In Python you are allowed to do deconstruction similar to how you can do deconstruction assignment in JavaScript. You can take a list and then assign each of the elements individually to variables on the left hand. For example:

```python
(a, b, c) = (1, 2, 3)
# a = 1
# b = 2
# c = 3
```

If you are using this simple unpacking assignment then the values on the right hand side will be automatically assigned to the variables to the left according to their position in the tuple.

When you unpack values into variables the number of variables present must be exactly equal to the number of elements in the tuple, else ValueError

You can use this tuple unpacking to unpack a String into characters, unpack list into variables, unpack a generator, and unpack a dictionary as well.

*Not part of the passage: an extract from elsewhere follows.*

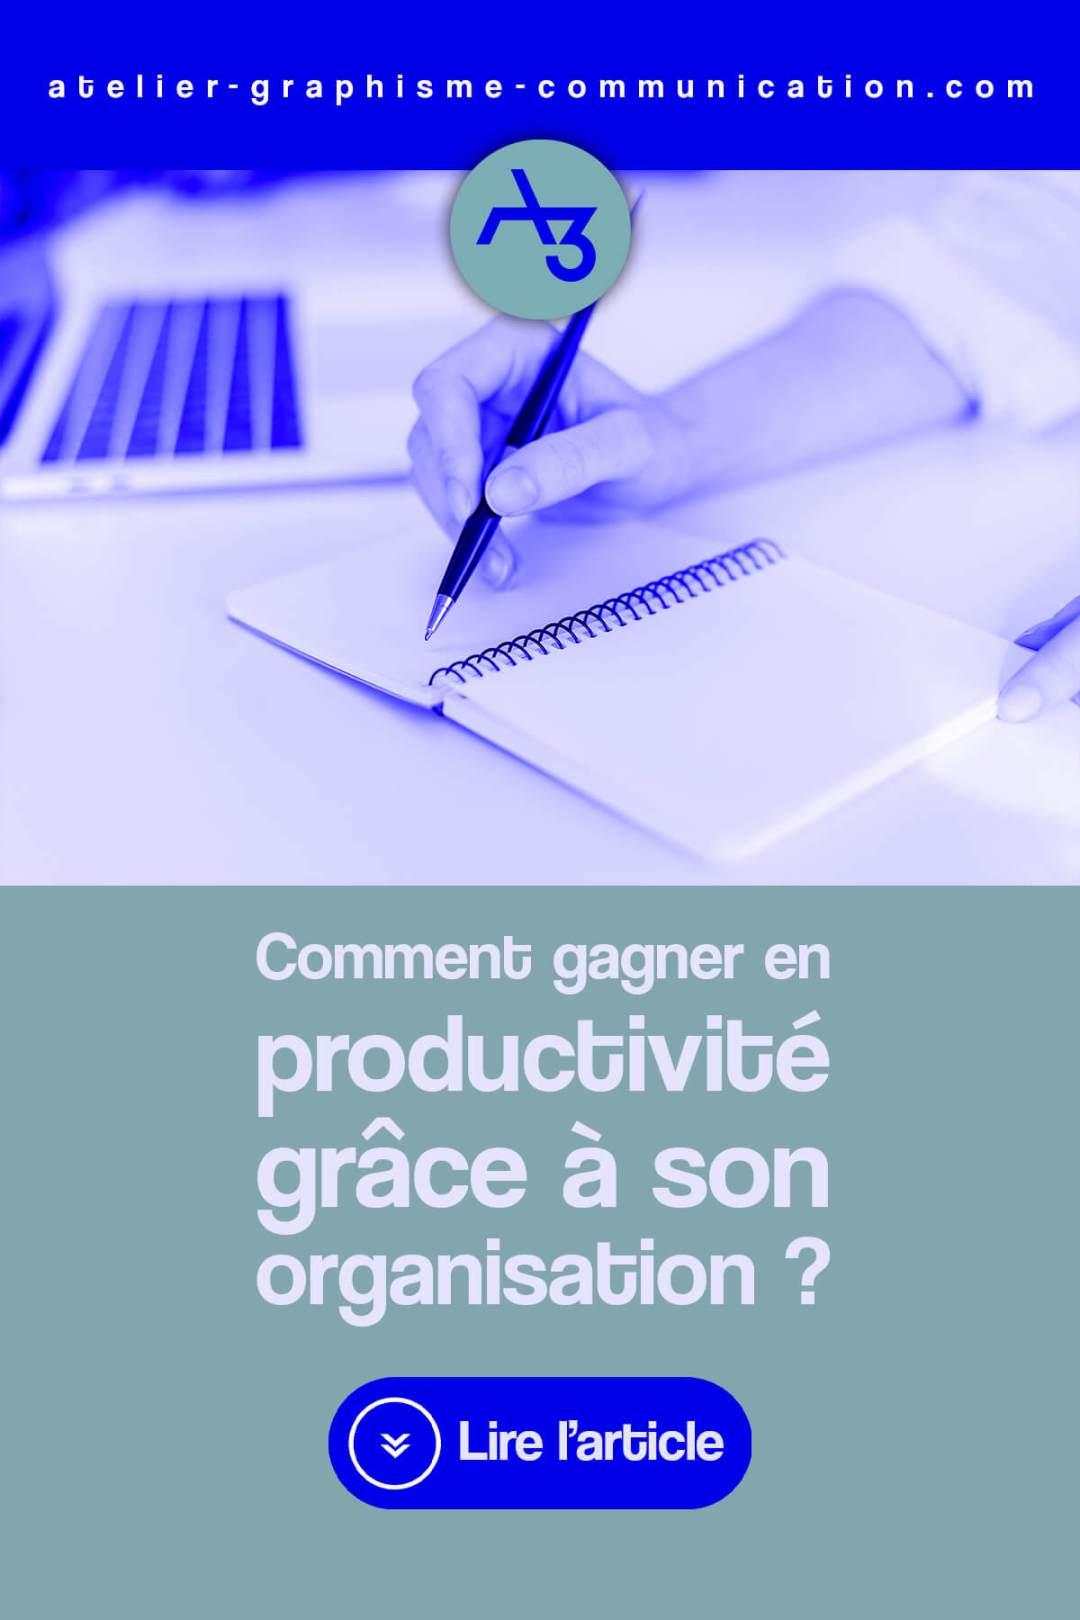 Gagner en productivité grâce à son organisation

The left hand side can be a list as well but is rarely used.

### \* Unpacking operator

The \* operator extends the unpacking tuple functionality to allow you to pack multiple values into a single variable as a list. For example:

```python
*a, = [1, 2]
# a = [1, 2]
```

In this example, the variable a gets stuffed two values 1 and 2 into it as a list. Notice the usage of comma there, it is required otherwise it will be a normal list assignment statement and not unpacking.

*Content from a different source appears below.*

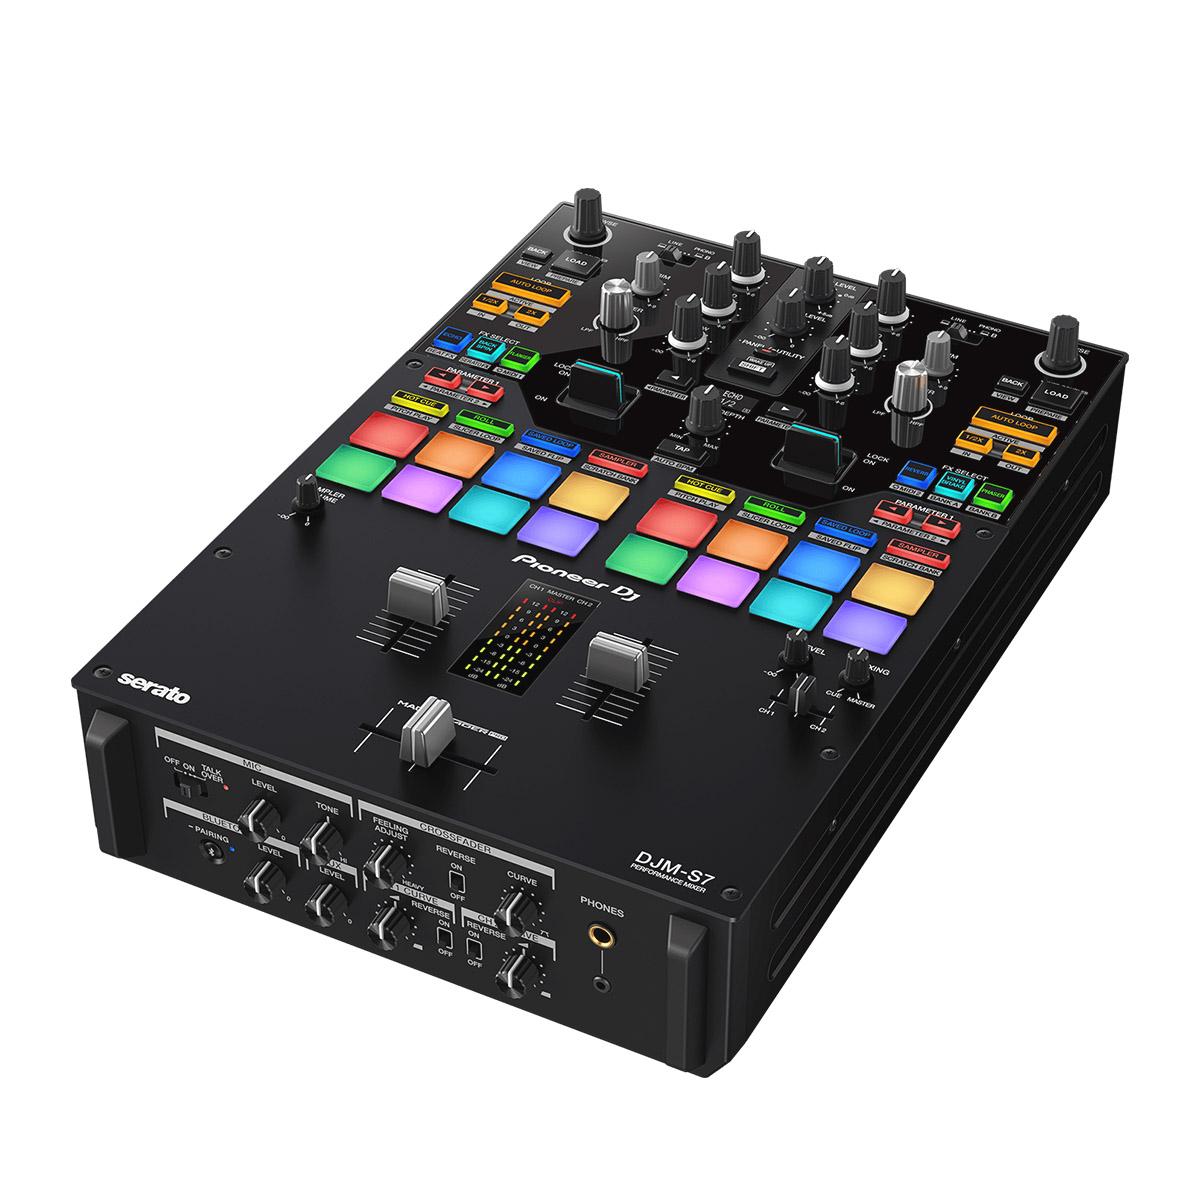 Mixer Pioneer DJ DJM S7

You can have as many variables as you want on the left hand side, but there can only be one starred variable. The starred variable contains all the rest of the values that are not distributed to the mandatory variable in the list, even if it has no value. If there are no element left to distribute to the starred variable, then the starred variable will just be an empty list:

```python
a, b, *c = [1, 2]
# a = 1
# b = 2
# c = []
```

### Function header with \*args and \*\*kwargs

Sometimes in Python function header you will see functions that takes in variable number of position arguments with \*, and variable number of keyword arguments with \*\*. For example:

```python
def func(required, *args, **kwargs)
```

`args` and `kwargs` are both optional, and are automatically default to `() and {}` respectively, if none are provided for the function.

Calling the function above would be like so:

```python
func("hello", 1, 2, 3, site="hi", oh="lord")
# required = "hello"
# args = (1, 2, 3)
# kwargs = {"site": "hi", "oh": "lord"}
```

##### Side note on method headers

1. Variables without default value must be before those that have default values  
    ```
    def test_func(a=10, b, *args, **kwargs)
    ```
    
    Is not valid Python function
2. `*args` must be fore `**kwargs`. They cannot switch, otherwise, invalid Python syntax
3. Follow the structure of `func`, don't try to put position arguments after `*args`.